PROBLEM
Below, find the line containing "Regatta Mens Pace"; from there to the final line, print every line exactly and skip the pictures.

GIVEN DATA
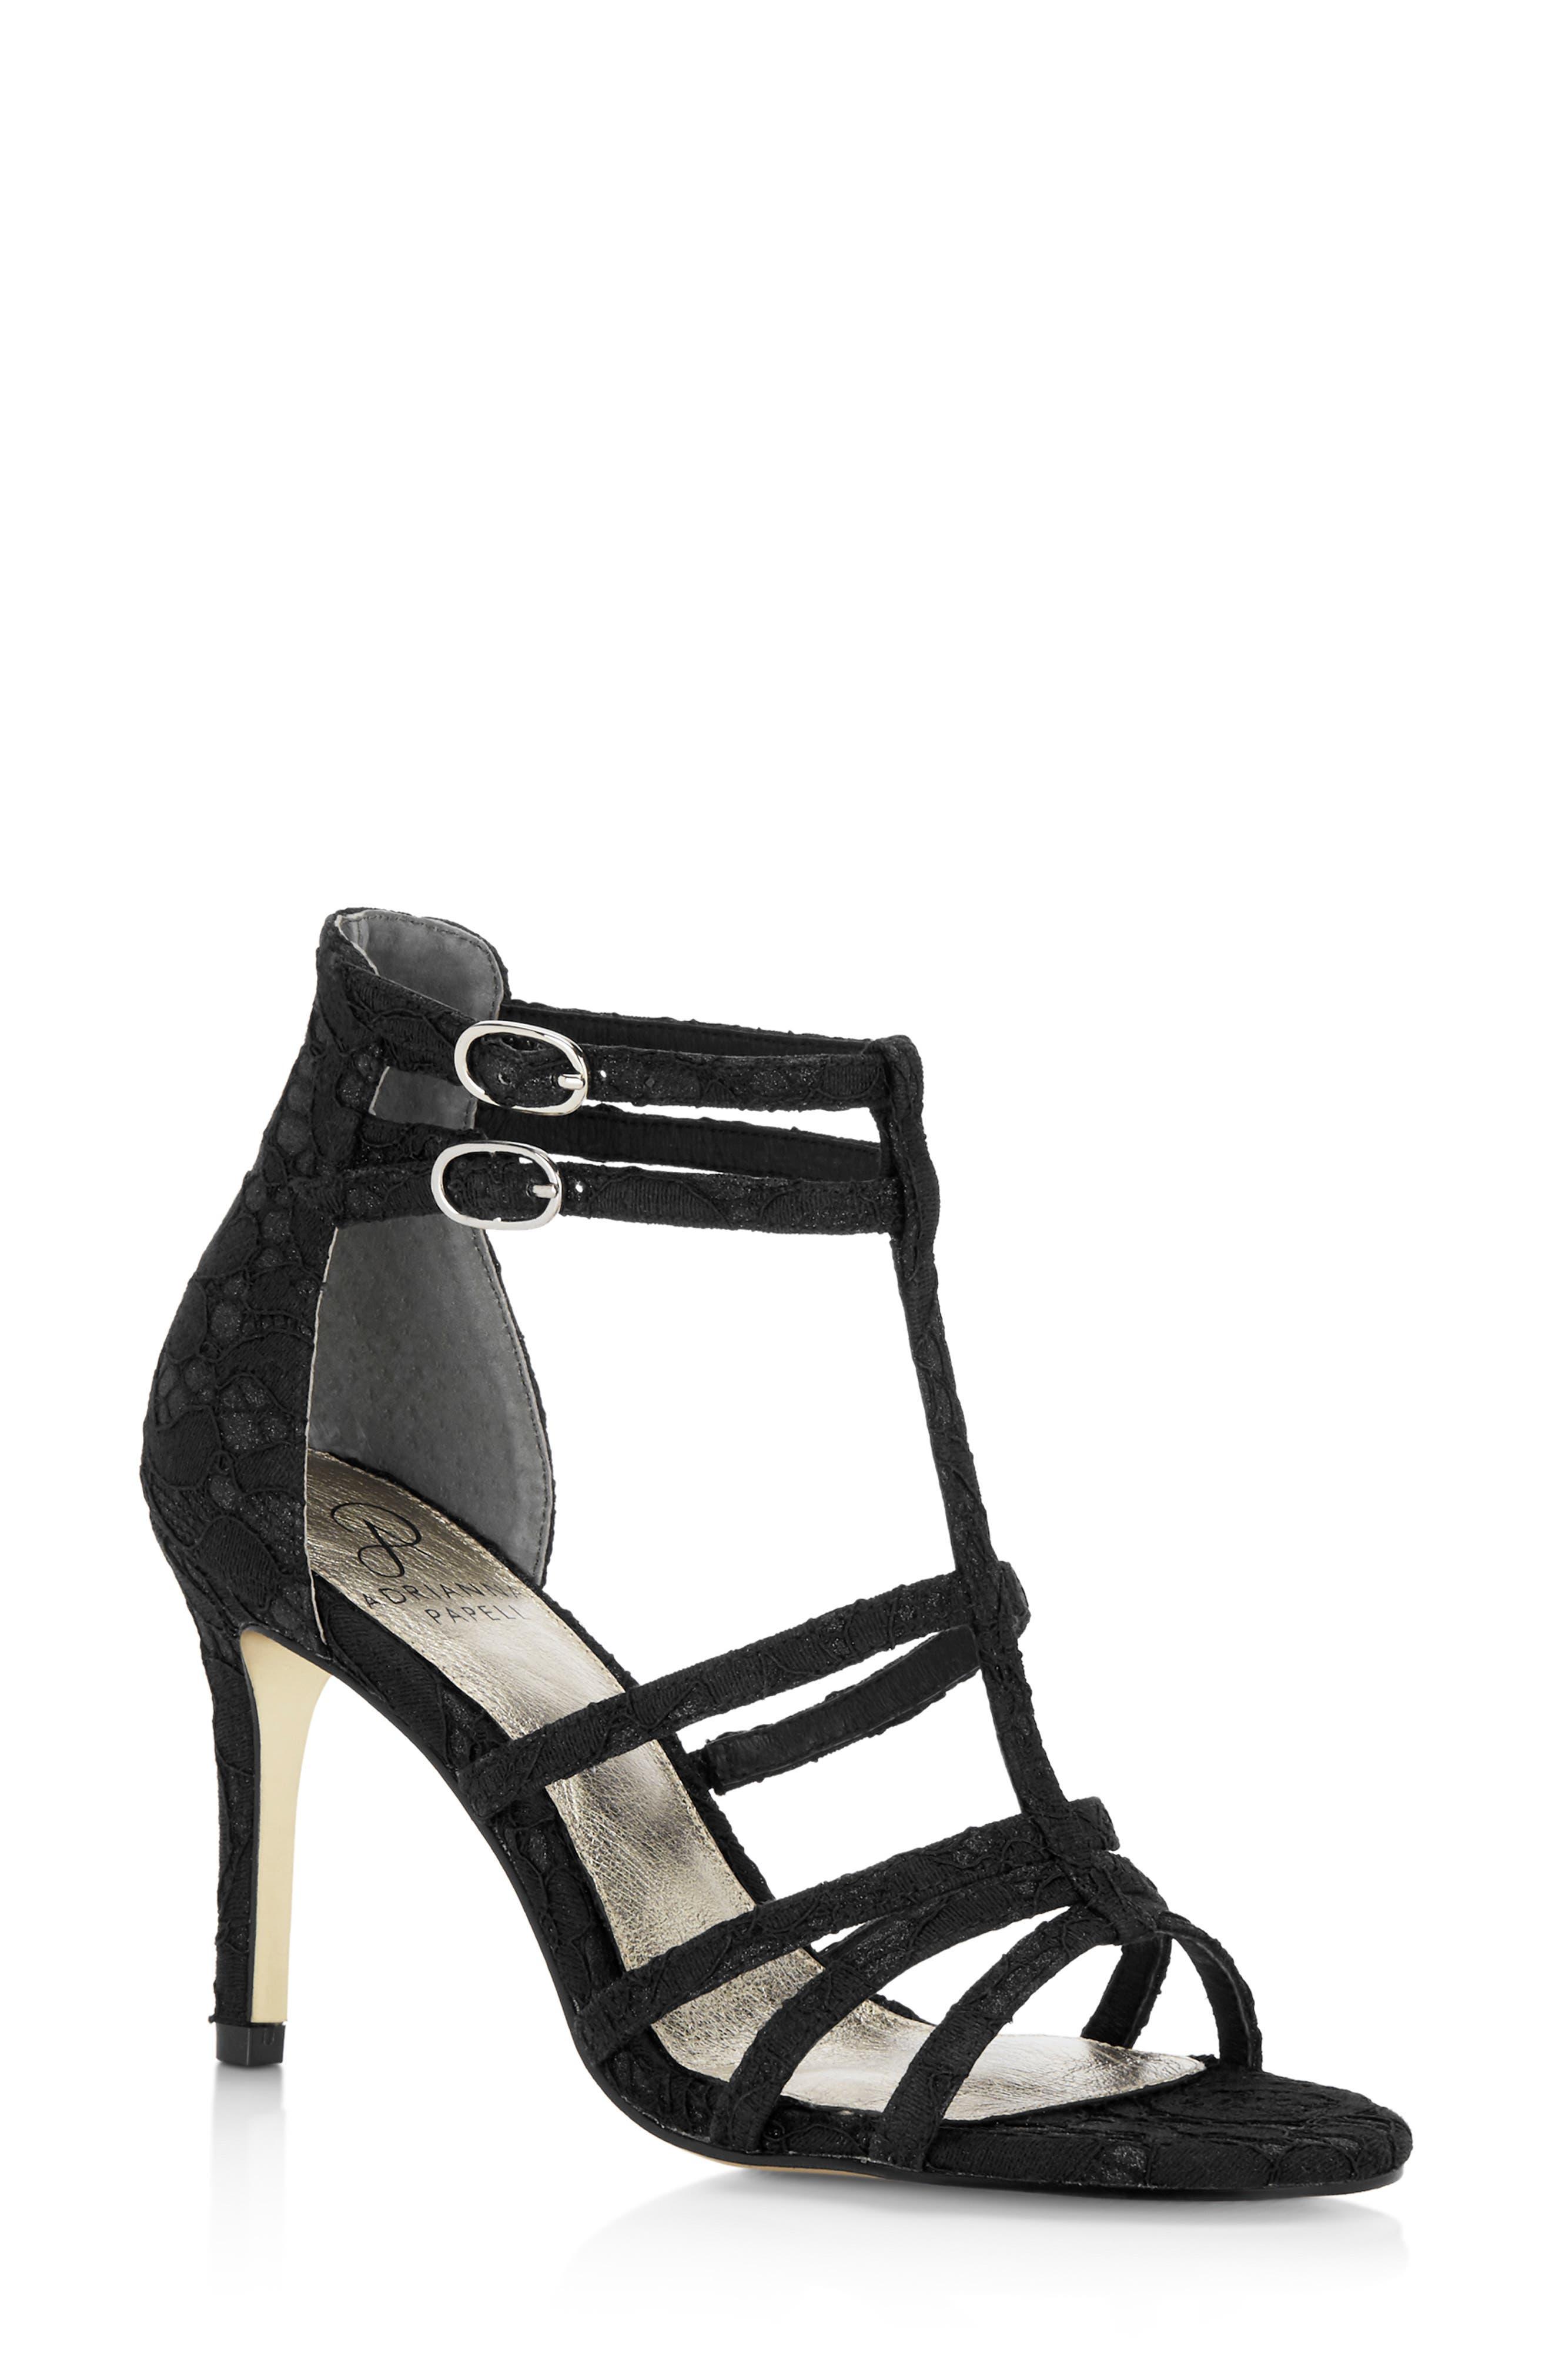 Adrianna Papell Adara Ankle Strap Sandal- Black
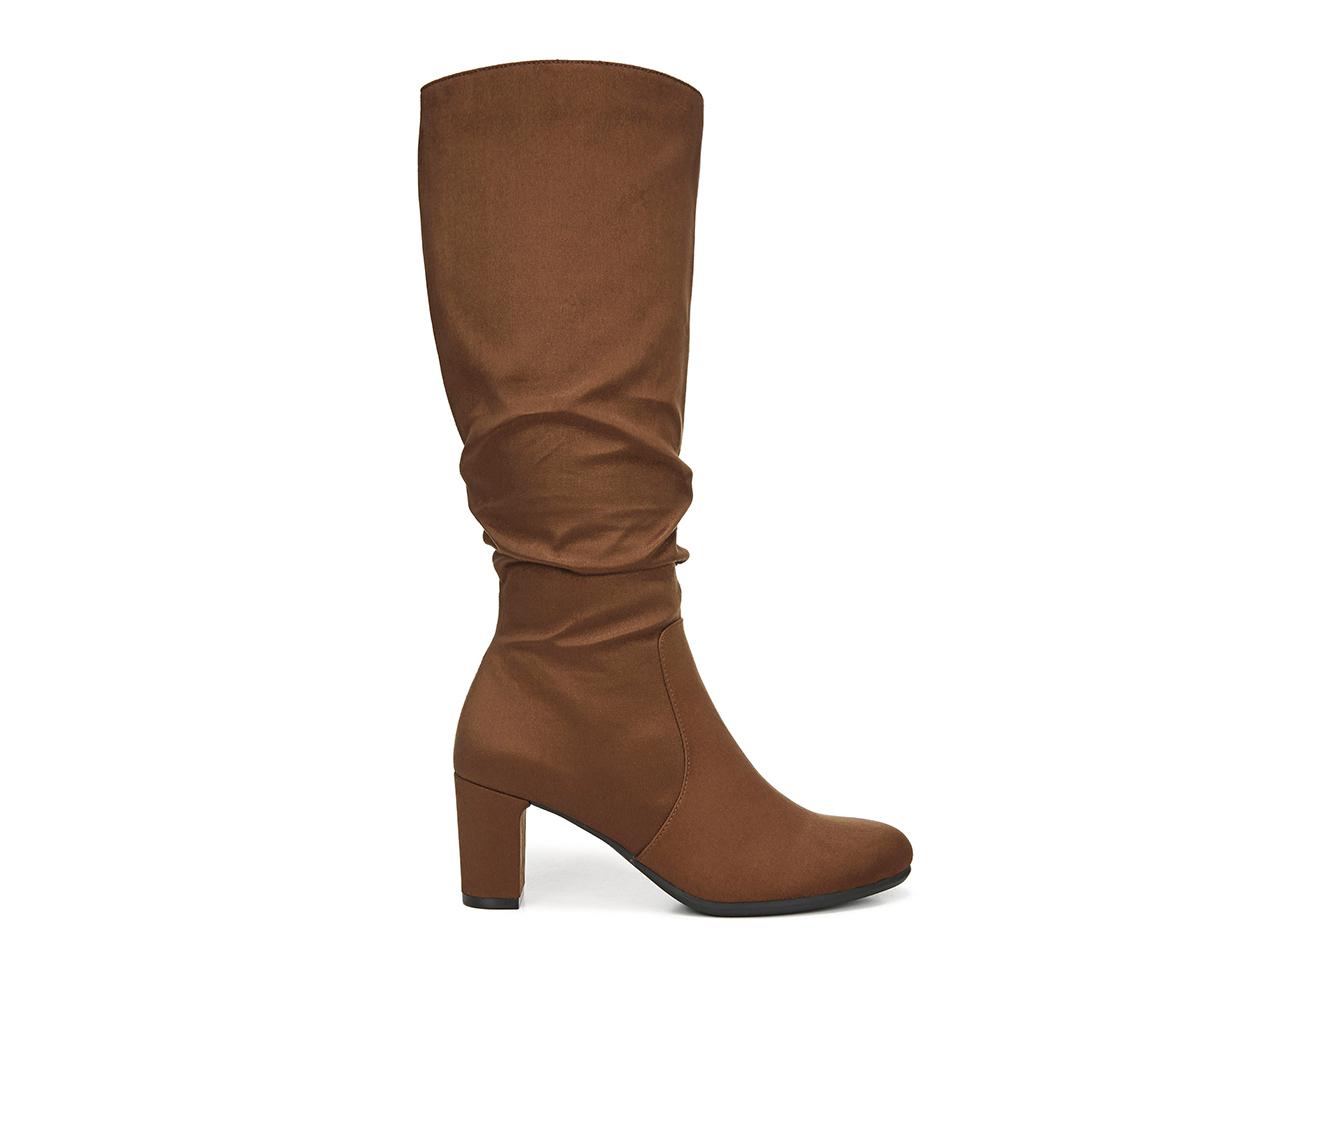 LifeStride Maltese Women's Boots (Brown - Canvas)
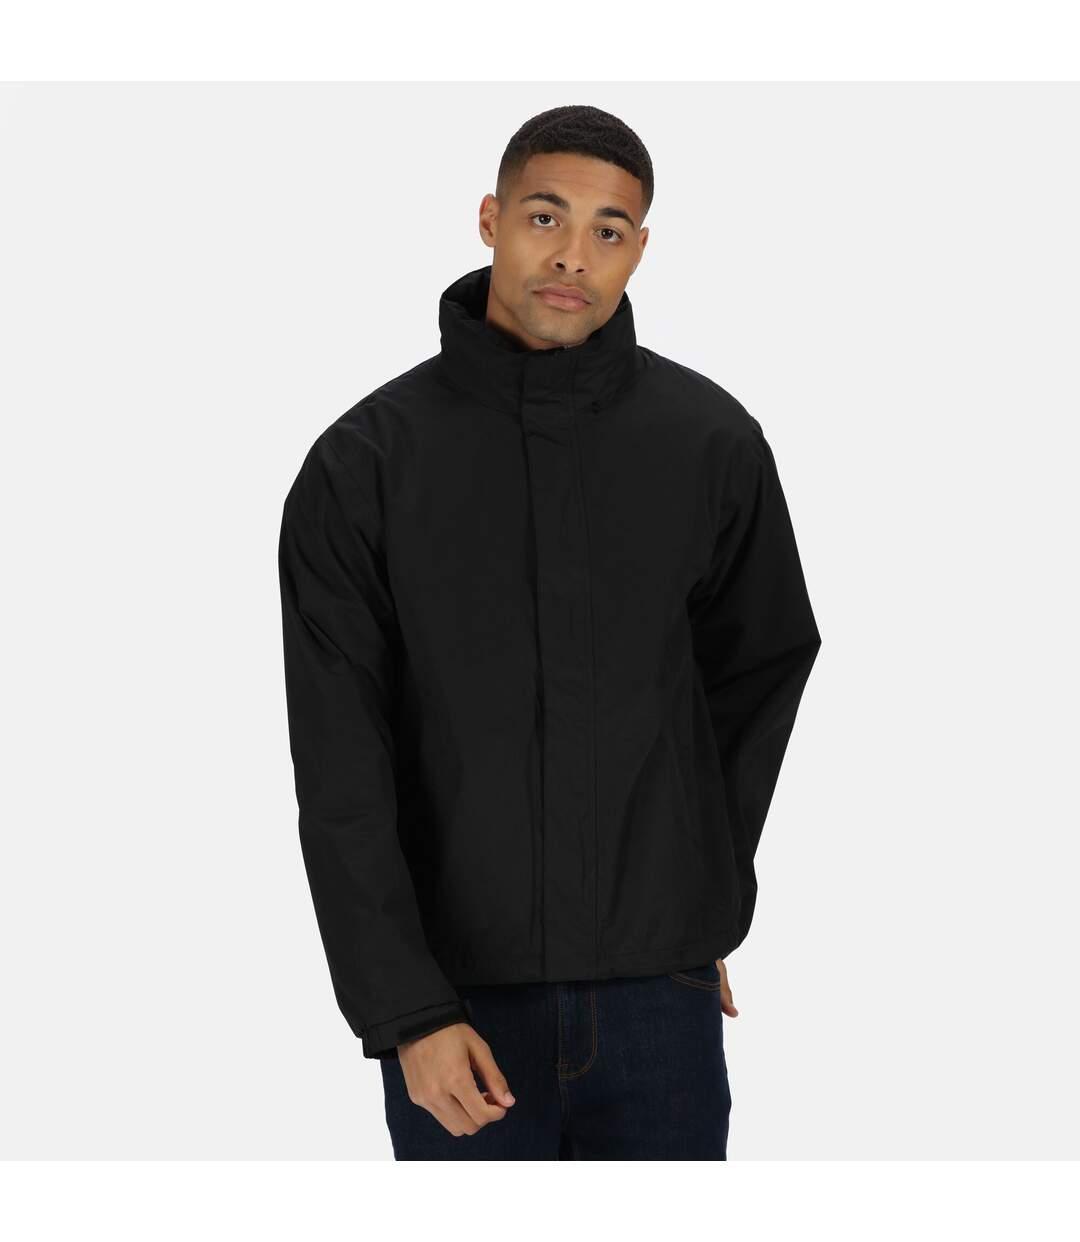 Regatta Mens Pace II Lightweight Waterproof Jacket (Black) - UTRG1546
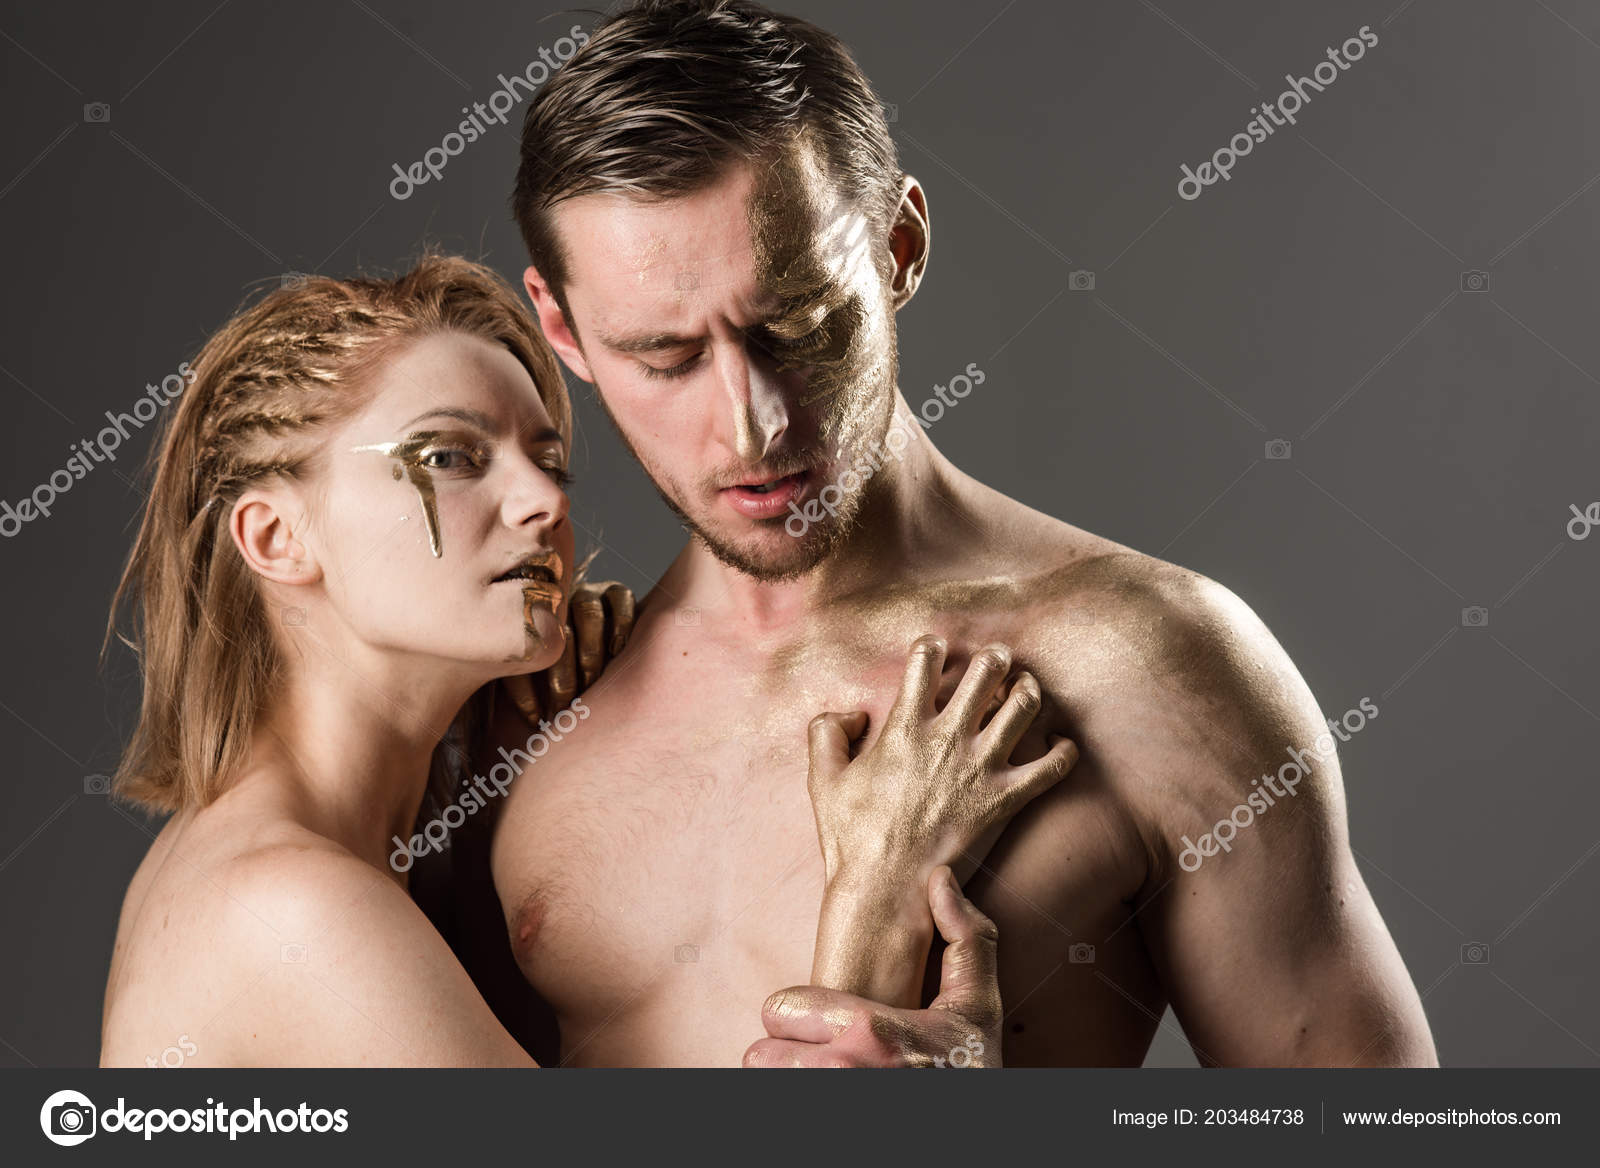 Art Fashion Portrait Of Sexy Couple Art Makeup And Body Paint Of Man And Woman Stock Photo C Tverdohlib Com 203484738

PROBLEM SOLUTION
 Regatta Mens Pace II Lightweight Waterproof Jacket (Black) - UTRG1546
 Art Fashion Portrait Of Sexy Couple Art Makeup And Body Paint Of Man And Woman Stock Photo C Tverdohlib Com 203484738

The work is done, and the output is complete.